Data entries
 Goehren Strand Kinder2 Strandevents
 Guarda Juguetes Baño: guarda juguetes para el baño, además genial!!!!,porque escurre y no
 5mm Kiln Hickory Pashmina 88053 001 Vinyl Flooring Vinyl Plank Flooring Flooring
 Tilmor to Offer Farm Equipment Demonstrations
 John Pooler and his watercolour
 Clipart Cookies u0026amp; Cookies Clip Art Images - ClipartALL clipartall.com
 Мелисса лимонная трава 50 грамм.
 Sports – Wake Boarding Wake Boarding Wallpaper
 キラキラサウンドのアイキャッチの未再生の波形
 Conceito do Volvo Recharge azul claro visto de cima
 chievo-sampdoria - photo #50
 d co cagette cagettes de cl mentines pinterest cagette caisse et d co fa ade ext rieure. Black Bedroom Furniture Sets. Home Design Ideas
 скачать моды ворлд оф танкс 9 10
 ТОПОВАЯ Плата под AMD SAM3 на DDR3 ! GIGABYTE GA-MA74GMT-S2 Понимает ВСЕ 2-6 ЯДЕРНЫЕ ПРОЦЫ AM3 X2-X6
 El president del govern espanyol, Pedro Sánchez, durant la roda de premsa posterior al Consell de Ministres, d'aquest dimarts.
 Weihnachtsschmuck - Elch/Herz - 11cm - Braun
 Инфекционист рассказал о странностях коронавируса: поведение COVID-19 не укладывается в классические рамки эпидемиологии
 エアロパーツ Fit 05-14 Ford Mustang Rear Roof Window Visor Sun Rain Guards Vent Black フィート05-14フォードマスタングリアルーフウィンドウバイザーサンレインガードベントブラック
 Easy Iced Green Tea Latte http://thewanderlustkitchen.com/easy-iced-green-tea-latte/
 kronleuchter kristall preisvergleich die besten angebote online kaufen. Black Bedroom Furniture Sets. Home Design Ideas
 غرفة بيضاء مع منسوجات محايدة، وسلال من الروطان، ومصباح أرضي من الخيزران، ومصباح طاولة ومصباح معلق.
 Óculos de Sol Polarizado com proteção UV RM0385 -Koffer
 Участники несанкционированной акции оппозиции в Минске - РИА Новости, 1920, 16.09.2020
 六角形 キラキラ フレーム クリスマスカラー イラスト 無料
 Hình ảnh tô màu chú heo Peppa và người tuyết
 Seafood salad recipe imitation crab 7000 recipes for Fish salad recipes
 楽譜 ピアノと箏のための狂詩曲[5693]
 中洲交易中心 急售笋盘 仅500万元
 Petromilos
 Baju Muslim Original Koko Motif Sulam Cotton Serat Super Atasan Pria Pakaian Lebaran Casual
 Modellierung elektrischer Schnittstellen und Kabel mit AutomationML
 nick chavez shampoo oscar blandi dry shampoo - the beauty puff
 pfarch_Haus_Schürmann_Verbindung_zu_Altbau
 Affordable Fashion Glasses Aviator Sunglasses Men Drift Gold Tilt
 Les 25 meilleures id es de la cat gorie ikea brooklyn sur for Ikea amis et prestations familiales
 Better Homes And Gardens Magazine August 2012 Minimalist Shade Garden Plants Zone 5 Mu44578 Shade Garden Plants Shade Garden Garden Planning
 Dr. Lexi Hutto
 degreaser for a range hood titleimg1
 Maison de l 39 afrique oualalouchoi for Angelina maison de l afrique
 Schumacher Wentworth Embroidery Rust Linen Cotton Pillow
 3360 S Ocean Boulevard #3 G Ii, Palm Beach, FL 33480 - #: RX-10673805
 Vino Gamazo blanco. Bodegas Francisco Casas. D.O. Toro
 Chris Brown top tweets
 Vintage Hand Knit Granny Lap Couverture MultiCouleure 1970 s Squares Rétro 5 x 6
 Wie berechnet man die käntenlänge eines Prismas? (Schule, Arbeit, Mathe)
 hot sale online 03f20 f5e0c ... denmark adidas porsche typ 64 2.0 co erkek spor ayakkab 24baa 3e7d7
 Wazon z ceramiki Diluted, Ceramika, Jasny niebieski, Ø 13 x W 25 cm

--- EXERCISE INSTRUCTIONS ---
Return every line of the data above in which "online" appears.

--- FINISHED EXERCISE ---
 kronleuchter kristall preisvergleich die besten angebote online kaufen. Black Bedroom Furniture Sets. Home Design Ideas
 hot sale online 03f20 f5e0c ... denmark adidas porsche typ 64 2.0 co erkek spor ayakkab 24baa 3e7d7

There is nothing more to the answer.